My prediction is that this project is going to fail, miserably - how can I be sure? Because in my book, it already is. Not because of poor management of the project itself, nor because my predecessors or I haven't made every effort to follow best practices and adhere to and exceed industry standards. It's going to fail because internal politics make it impossible to implement any of the features in a manner that is useful to the users who require it to do their jobs effectively.

But who is to blame? The 'developer' of course [I use developer here loosely, it's really the business analyst that the client is pointing the finger at, though they don't know this - as far as they're concerned, the 'developer' is a catch all term for the vendor handling the project], not once has anyone put a pen to paper to say "I approve that this interpretation of the facts and processes are complete and accurate" and not once has anyone put pen to paper to say "I agree that this design is an effective solution to allow my staff to complete their jobs in the most efficent manner possible." So who is accountable? Well everyone avoided that responsibility because it's all about he said/she said. Even now, with the wheels falling off the project and even though I have gone over and above the call of duty to try and get these things rectified, there is still a refusal to change their practices.

Word of warning to the wise: You may not think that internal politics at a client have an effect on your design process, but if you don't want to be tied up in a project that's destined for failure from the outset, heed the warning signs. If politics amongst the management are dictated by the measurement of their dicks get out before it affects your work and makes you look bad.

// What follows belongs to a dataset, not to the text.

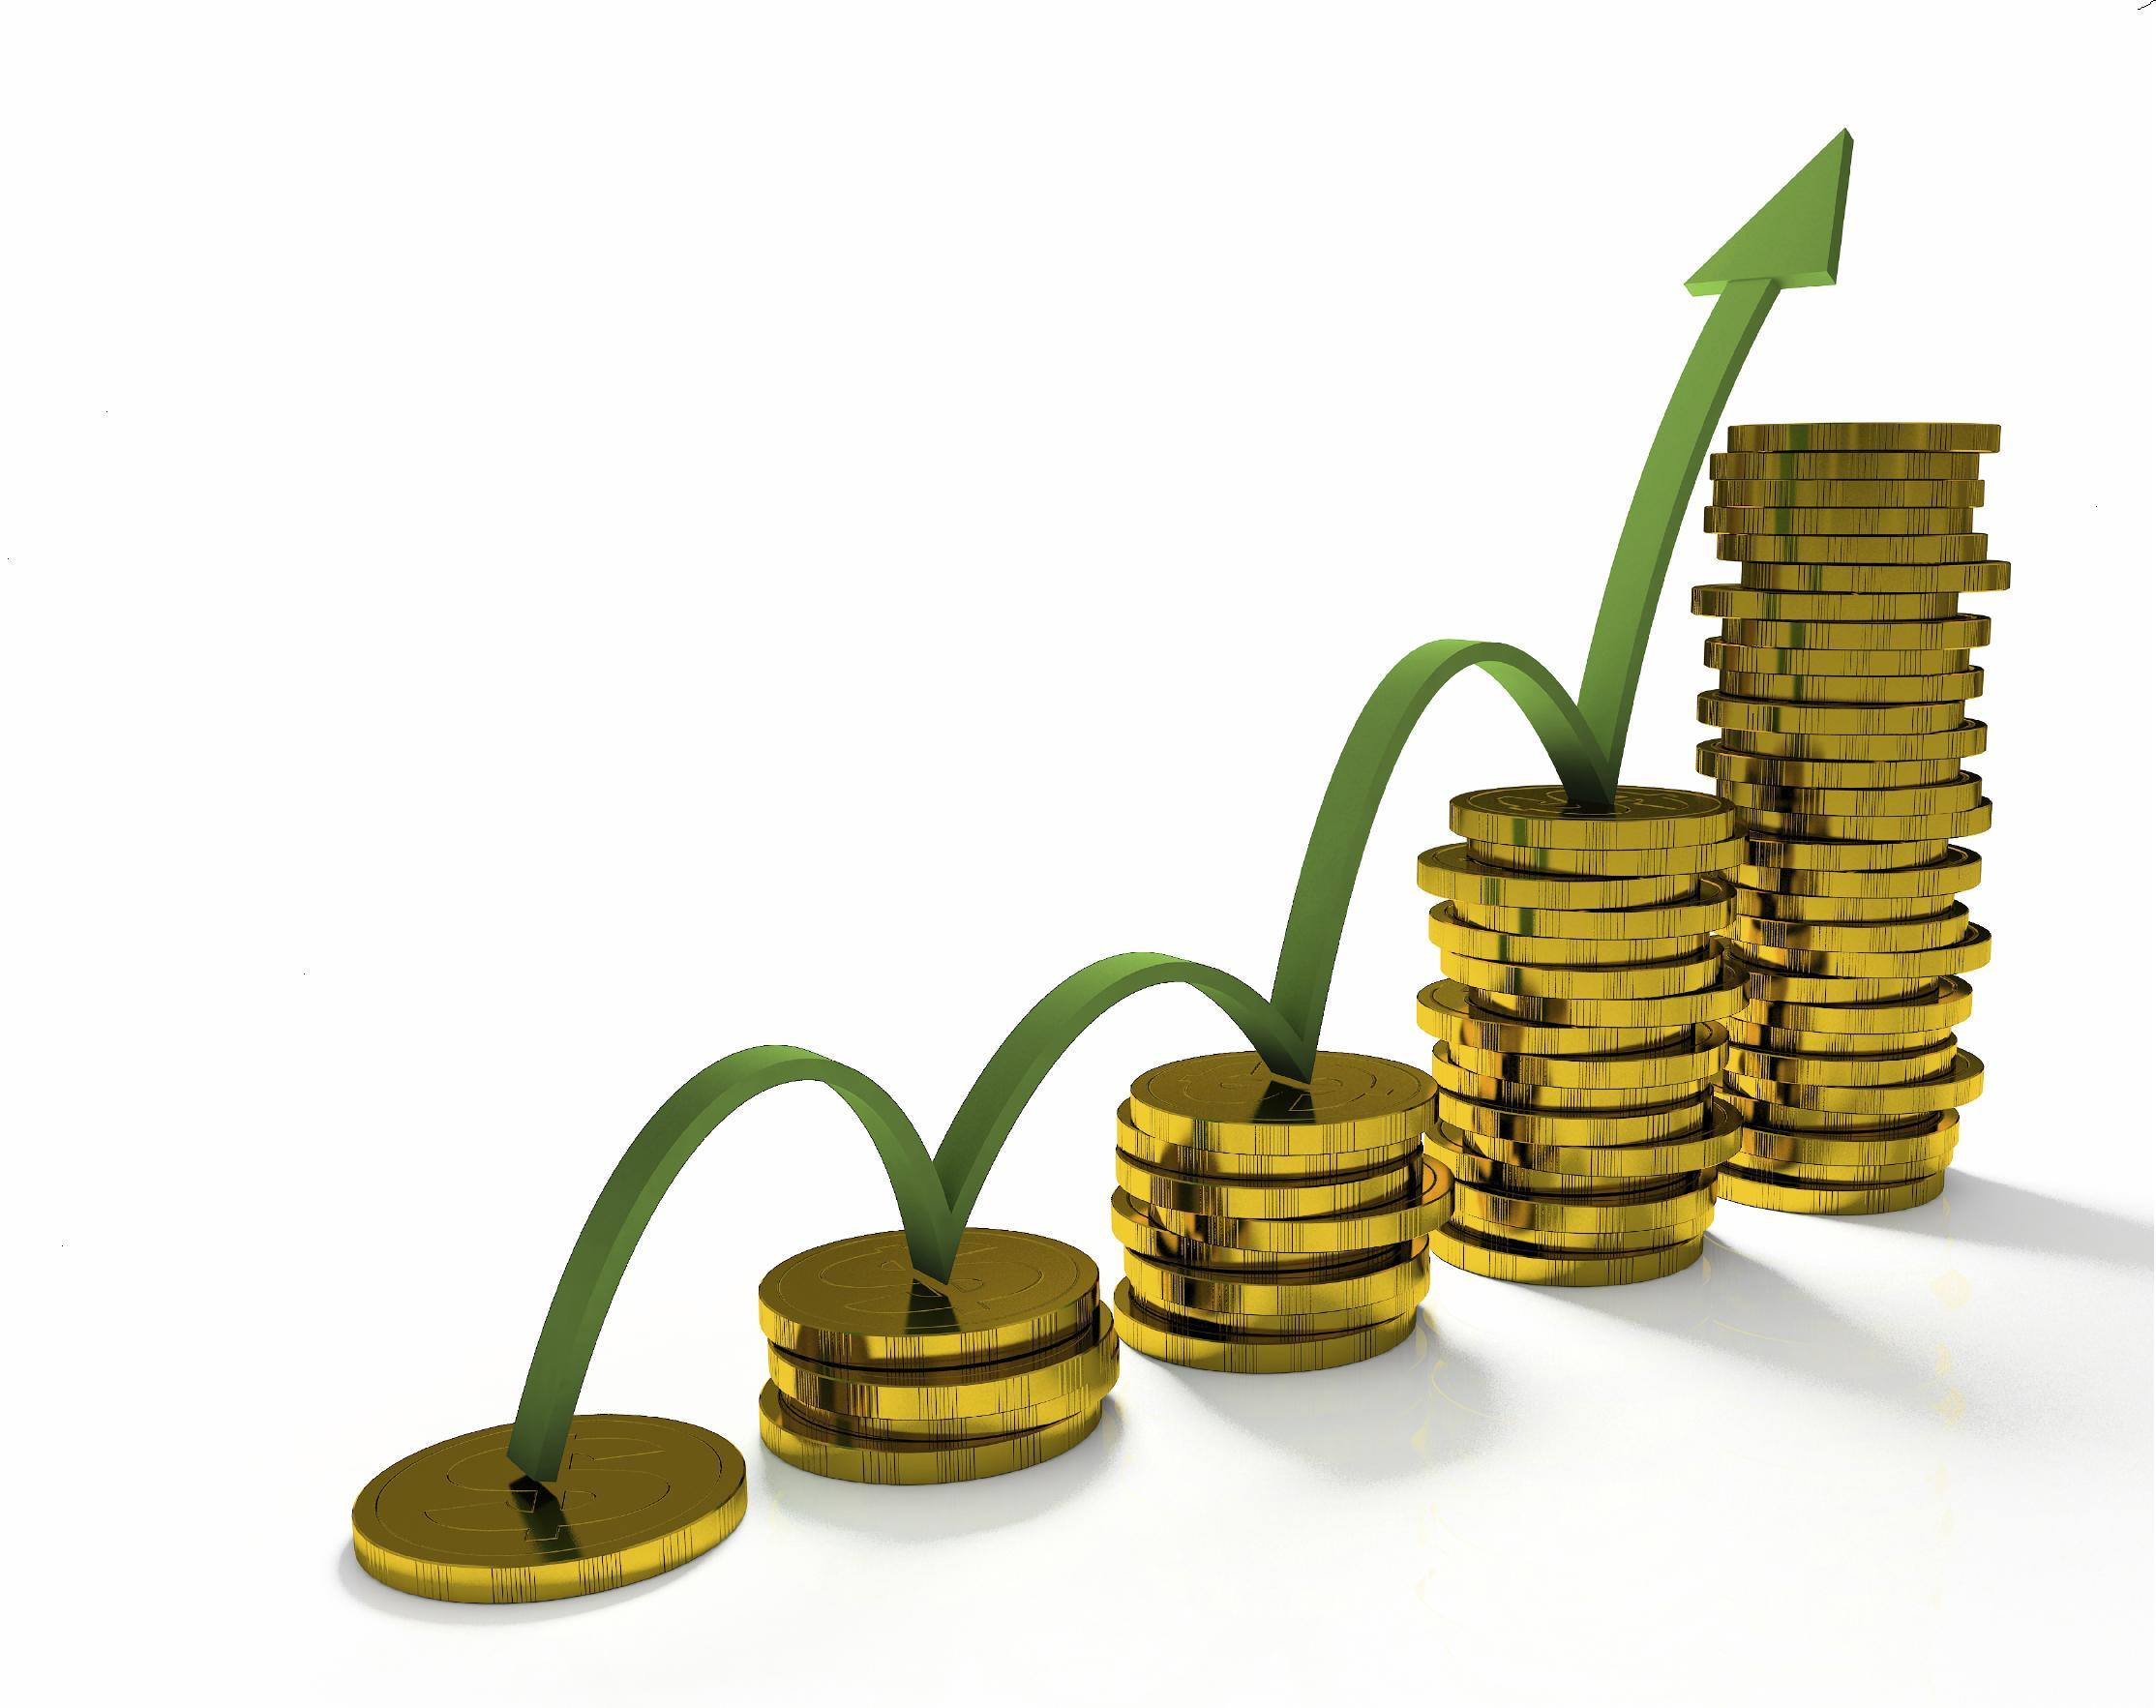 Exim bank may raise $3 billion in FY22

Putting best practices aside for a moment there are undocumented and intangible things that are important for a project to succeed:

  • Stakeholder buy in. Everyone must be in the same boat working as a team towards one common goal. If any one/all of the stakeholders are not on board, don't believe in the project or are otherwise not happy with the project, they are a threat to the project.
  • Stakeholder priorities. Everyone must make the software development a top priority. It cannot be put aside as "I'm too busy to read this", "I'm too busy to write that", "I'm too busy to take part in this", "I didn't want any part of this". If they don't make it their first priority, they cannot complain when it doesn't take their views into account. If they don't make this a priority, they are a threat to the project.
  • Stakeholder accountability. If a stakeholder is not willing to be accountable for their decisions, accuracy of their input or completeness of their input then they are a threat to the project.

Lessons learned:

  • Never trust any information provided until you have proven that it's true. If that requires job shadowing, then so be it.
  • Political stakeholders are next to useless unless they're "at the coal face". Get process information those doing the appropriate job. Their manager or their manager's manager isn't good enough unless that manager also does that job. What makes the most sense to the users of the software, frequently isn't anything like what makes most sense to management.
  • It doesn't matter how much stakeholders attempt to avoid accountability, get a signature on a piece of paper that corroborates that your understanding is 100% complete and accurate before you start on strategy and designs. Do the same with your designs before you move to coding. If you don't, eventually the finger of blame will be pointed at you, no matter how unjust that finger pointing may be.